Additionally, as I looked upon these small villages on our way to the beach, I was filled with a need to provide help in some way. I have always been a compassionate person; I love to volunteer and I am an active participant in service clubs and projects. However, this realization of the poverty gap between the United States and the shanty towns in rural Honduras, made me feel exceedingly insignificant. This new understanding allowed me to become aware of my want to make a difference in the world in some way. I tried to enjoy the beach, but I was still nagged by the images of the worn and tired faces of the loving grandparents from the shanty towns. As a result, I decided that I was determined to use my skills and talents to better the world, whether directly or indirectly. I want to improve the availability of adequate and efficient technology; I want to assist in the development of new technology that can harness energy from unconventional sources; I want to utilize my strengths in math and science to study engineering and solve problems others find impossible.
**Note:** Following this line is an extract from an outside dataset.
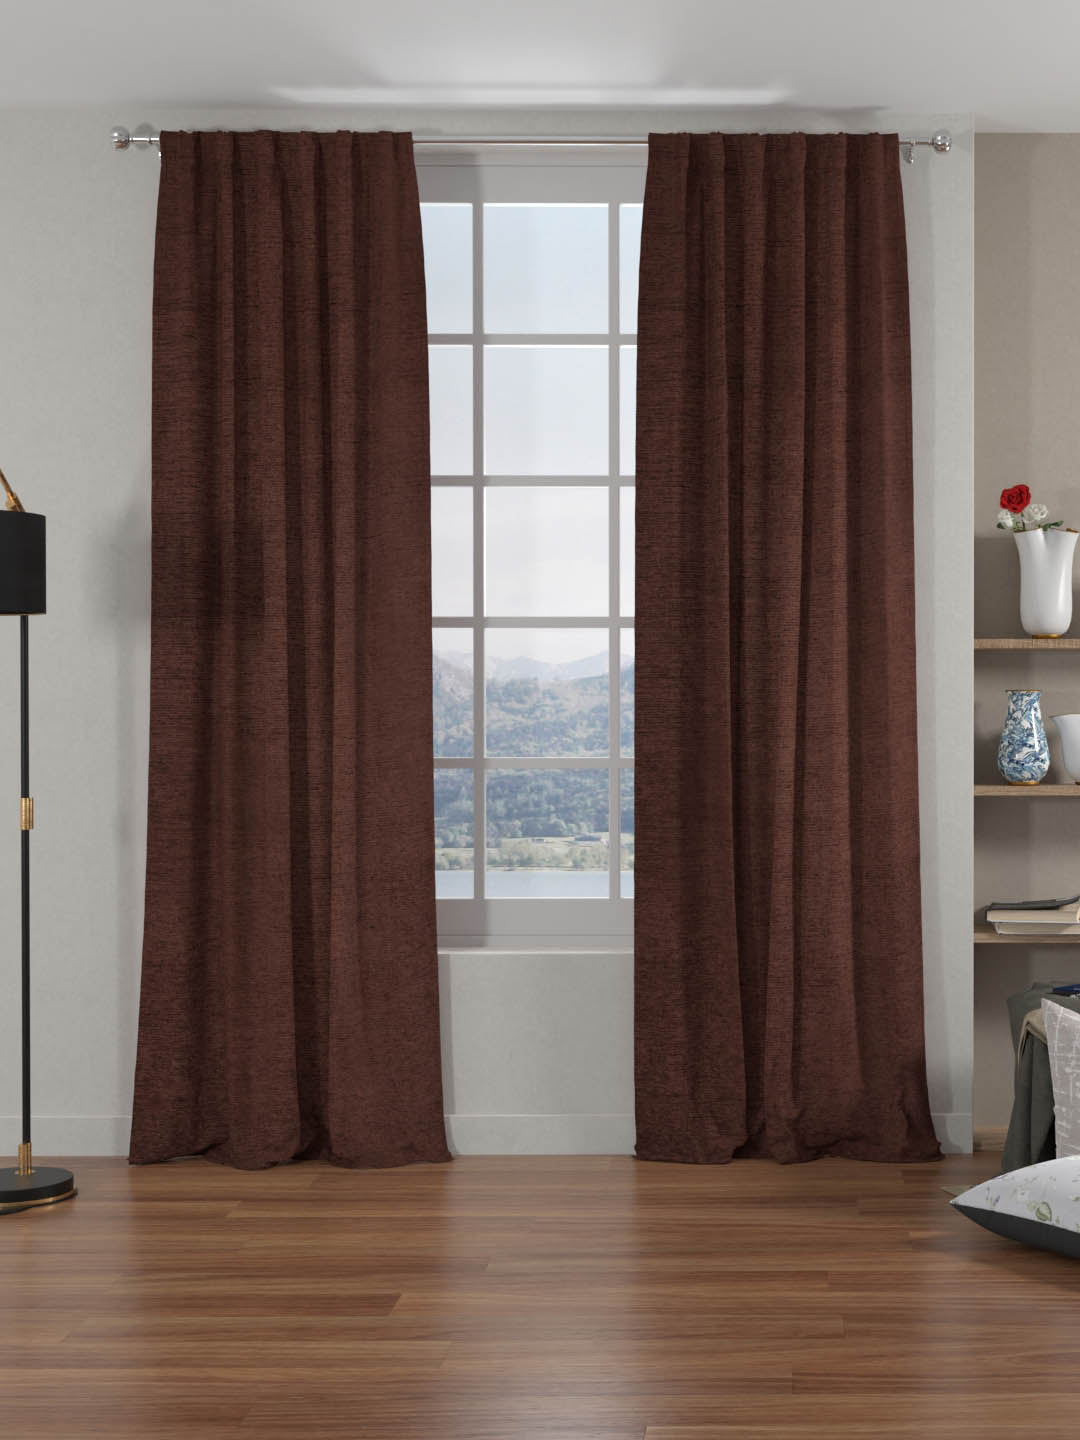 Grace Solids Opus 9 Ft Polyester Door Curtains Set Of 2 (Brown)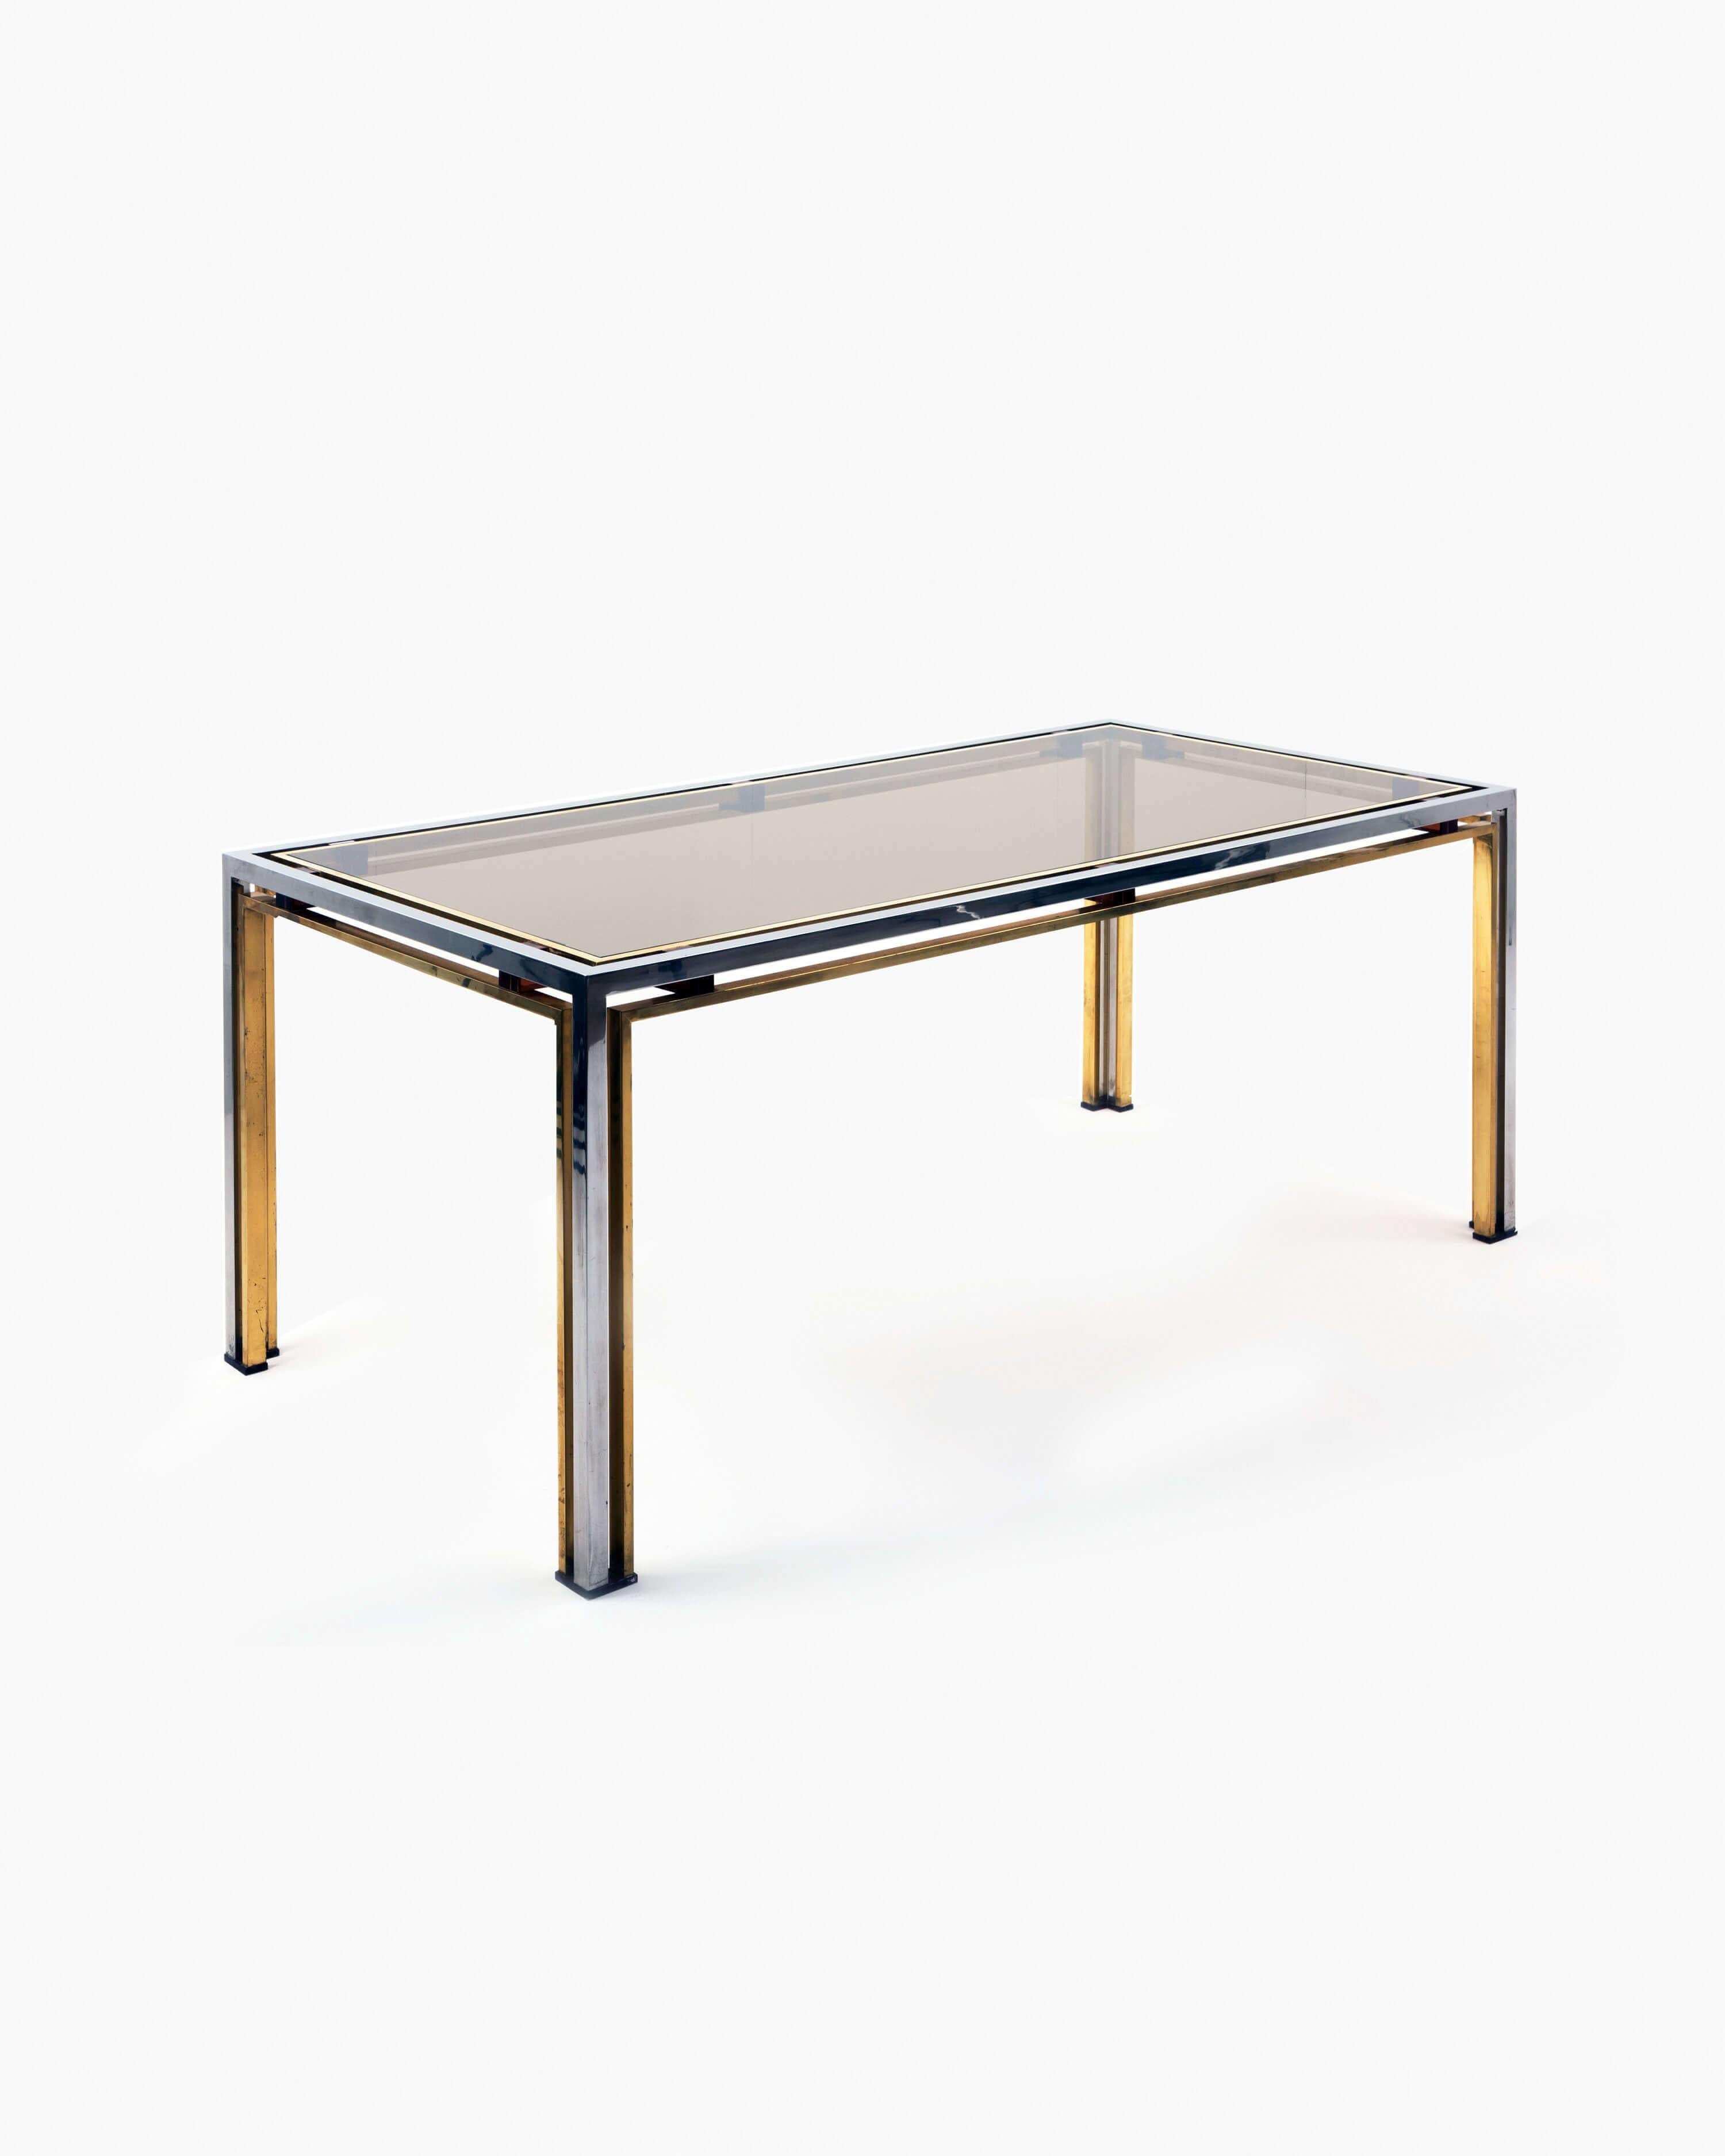 This rectangular dining table by Romeo Rega stands on four gilt and chromed brass legs, with a smoked glass top. Rega produced many entertainment-focussed pieces that have been favored by lovers of the Hollywood Regency. The reduced elegance of this

This may seem like a strange place to come to this conclusion, but there was no better experience that showed me how fortunate I have been and the importance of making a positive difference in the world.

Having unexpectedly pondered my goals for the upcoming years, I was informed that it was soon time to return home. To my surprise, I was actually upset about leaving this hot, humid, and strange new place. Yet I had an unforgettable two weeks in which I developed a new and stronger bond to all of my relatives, especially to my grandparents whose love and care I could sense even through our short and basic Spanish conversations, and now we keep in touch through the use of technology such as Skype. Hondurans incorporate their families into all aspects of their lives, including proms, and I can not help but wish that I could participate in more of these events with them. Fortunately, the small and impoverished families in rural Honduras allowed me the opportunity to grasp my future aspirations. These humble people and others like them deserve more and I intend on utilizing my strengths and talents to improve their lives. Finally, the combination of my family and my travels throughout Honduras allowed me to experience new traditions and new ways of life that I hope to engrain in my heart, mind, values, and in my goals and aspirations of making a positive difference in the lives of others.